Кривичи еще в первые годы правления Хельгера добровольно признали власть киевского князя и киевлян приняли с почетом, радушно, что после долгой утомительной дороги было вдвойне приятно. Селище Курпатов, окруженное дубовым тыном в два человеческих роста и мощным валом, оказалось весьма большим, дворов семьдесят-восемьдесят, и зажиточным, если судить по тому количеству скота, которое бродило около домов. Не успели ратники Давида расположиться во дворе дома старейшины, как селяне уже потянулись во двор, таща завернутую в холсты просоленную рыбу, лосиные и медвежьи окорока, туески с заготовленными впрок жирными бараньими и говяжьими потрохами, копченых гусей и уток, грибы, темный хмельной мед в корчагах, ковриги хлеба, корзины с овощами. Давид был так тронут радушием кривичей, что тут же подарил старейшине несколько норманнских мечей, топоров и кольчуг, а также пообещал, что непременно расскажет могучему Хельгеру о том почетном приеме, который оказали его гридням в кривичской земле.

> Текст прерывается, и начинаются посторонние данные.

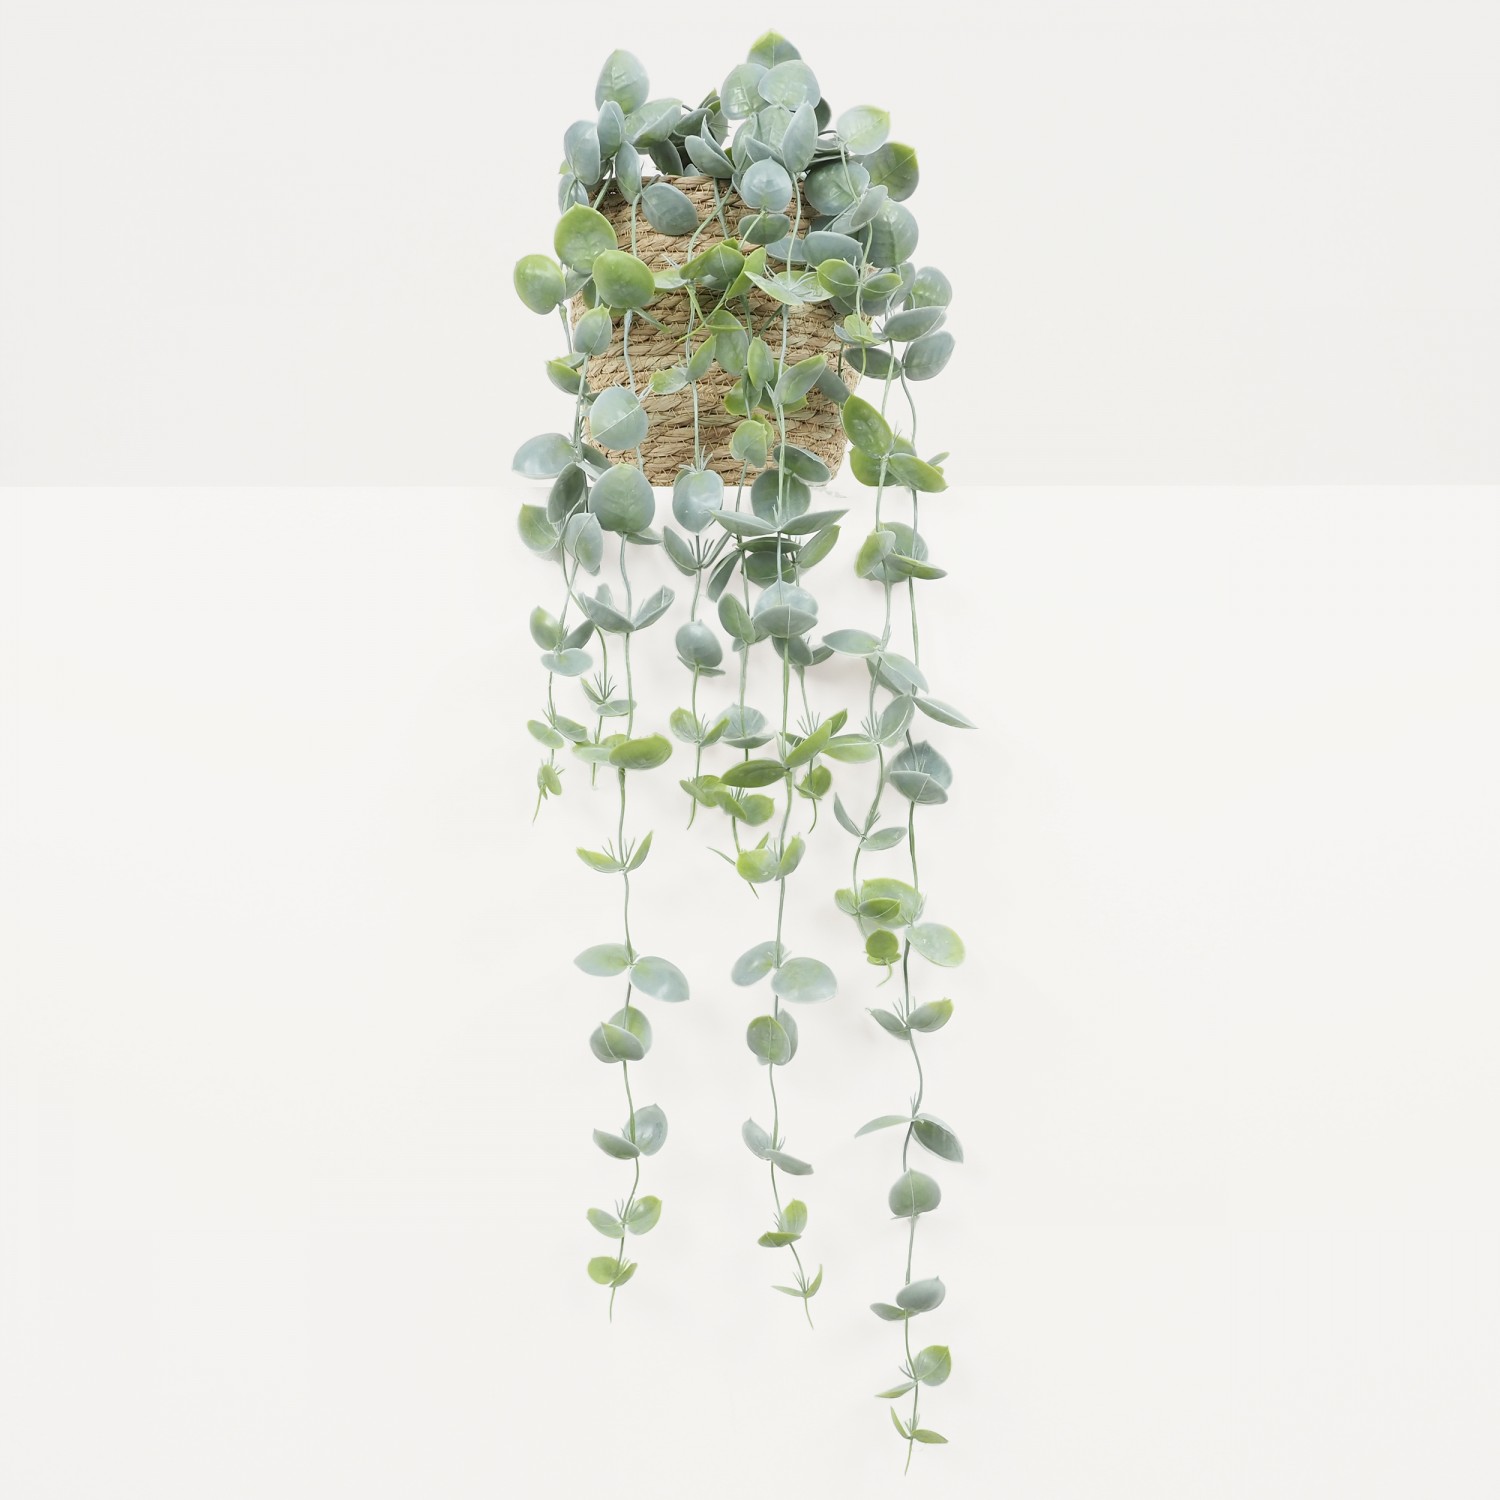 Chute plante artificielle d'eucalyptus 105cm vue de face

Девушки на пир в честь гостей не остались, сославшись на усталость, – их отправили на ночлег в один из домов. Зато дружинники, несколько дней проведшие в седле и ночевавшие под открытым небом, охотно сели за пиршественный стол. После нескольких чар душистой медовухи завязалась приязненная беседа, и Радогост спросил Давида о цели путешествия.
– Ездили проведать воеводу псковского, – ответил армянин. – Князь Хельгер, хоть и сидит на столе в Киеве, а о северных землях не забывает.
– Оно и славно, – заметил Радогост. – С той поры, как Олег над Русью князем стал, и в нашей земле спокойнее стало. Раньше, бывало, ливы да варяги незваными гостями забредали, имение наше пограбить, а теперь присмирели. Имя Олега их отпугивает. А нам это в радость. Меньше воевать, больше трудиться стали.
– Это хорошо, – согласился Давид.
– Вы ныне по нашим исконным землям идете, до самого Себежа и далее. Коли надо, могу проводников дать. Но сначала погостите у меня денек-другой.
– Рад бы, отец, да не могу, – покачал головой Давид. – Через три дня должен быть в Себеже, а далее в Полоцк отправляться потребно. Служба княжеская.
– Служба дело важное. – Радогост дал знак наполнить корцы медом. – Гостям мы завсегда рады, коли с миром они пришли. А торопиться вам не след. От Курпатова до Себежа дорогой на полдень восемьдесят верст будет, а если по прямой, через Полчев ехать, то полста верст от силы. В два дня пеший осилит, а уж вы одвуконь и вовсе за день доберетесь.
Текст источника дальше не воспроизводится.